Stay Jupyter Mid Test
Execute in the terminal OPENBAYES_JOB_URL= python predictor.py
, After successfully starting the local testing service. Here it is Notebook Execute the following code for testing.
import requests
text = {
"input": "recently. Quantum computing expert. ACM Winner of the Computing Award Scott Aaronson Announced through a blog post. I will be leaving the University of Texas at Austin this week (UT Austin) a year. And join an artificial intelligence research company OpenAI."
}
result = requests.post('http://localhost:25252', json=text)
result.json()
[{'entity_group': 'TIME',
'score': 0.9995077236474508,
'start': 0,
'end': 2,
'word': 'recently'},
{'entity_group': 'O',
'score': None,
'start': 2,
'end': 10,
'word': ', Quantum computing expert, '},
{'entity_group': 'ORG',
'score': 0.7166219551892539,
'start': 10,
'end': 13,
'word': 'ACM'},
{'entity_group': 'O', 'score': None, 'start': 13, 'end': 18, 'word': 'Winner of the Computing Award'},
{'entity_group': 'PER',
'score': 0.9999316942434575,
'start': 18,
'end': 32,
'word': 'Scott Aaronson'},
{'entity_group': 'O',
'score': None,
'start': 32,
'end': 41,
'word': 'Announced through a blog post. Will be'},
{'entity_group': 'TIME',
'score': 0.9999382505043286,
'start': 41,
'end': 43,
'word': 'This week'},
{'entity_group': 'O', 'score': None, 'start': 43, 'end': 45, 'word': 'leave'},
{'entity_group': 'ORG',
'score': 0.9686587700987381,
'start': 45,
'end': 56,
'word': 'University of Texas at Austin '},
{'entity_group': 'LOC',
'score': 0.976469583224933,
'start': 51,
'end': 54,
'word': 'Austin'},
{'entity_group': 'O', 'score': None, 'start': 56, 'end': 57, 'word': '('},
{'entity_group': 'ORG',
'score': 0.46570937436359827,
'start': 57,
'end': 66,
'word': 'UT Austin'},
{'entity_group': 'O', 'score': None, 'start': 66, 'end': 67, 'word': ')'},
{'entity_group': 'TIME',
'score': 0.9782005099896942,
'start': 67,
'end': 69,
'word': 'a year'},
{'entity_group': 'O',
'score': None,
'start': 69,
'end': 81,
'word': ', And join an artificial intelligence research company'},
{'entity_group': 'ORG',
'score': 0.999835617128781,
'start': 81,
'end': 87,
'word': 'OpenAI'},
{'entity_group': 'O', 'score': None, 'start': 87, 'end': 88, 'word': '.'}]
Deploy
After successful testing.
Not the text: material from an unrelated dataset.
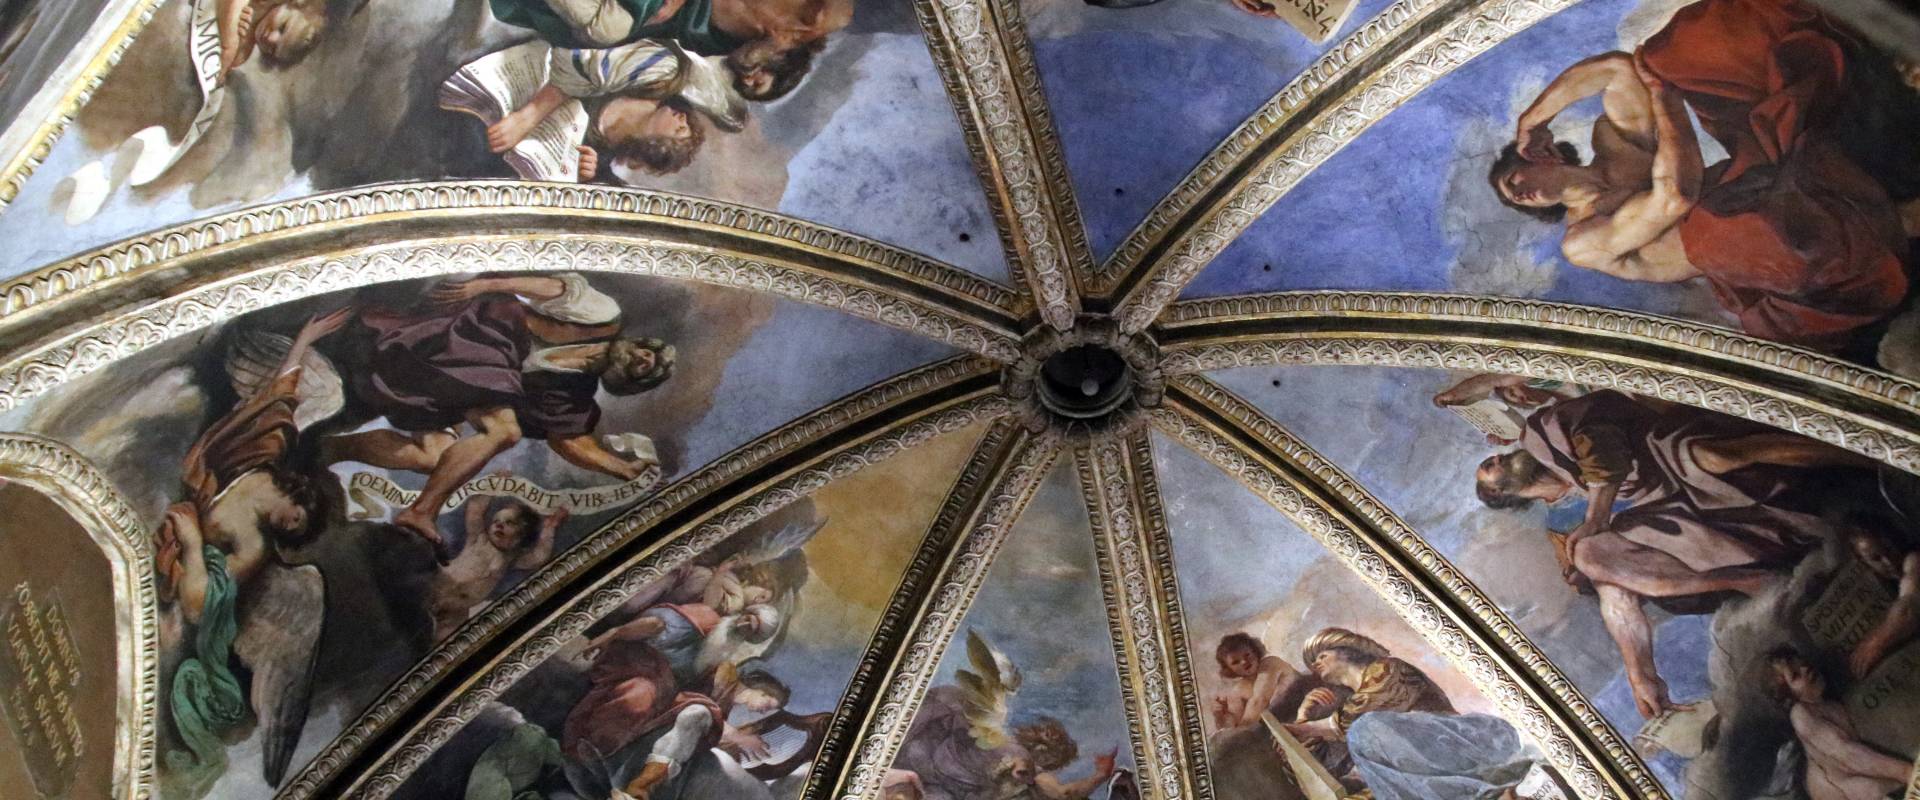 Duomo di Piacenza, cupola affrescata dal Guercino 22 foto di Mongolo1984

Stop this computing power container. Waiting for data synchronization to complete.
stay 'Computing power container' - 'Model deployment' Click in the middle 'Create a new deployment' , Choose the same image as during development. Bind this computing power container, click 'deploy' , You can conduct online testing now.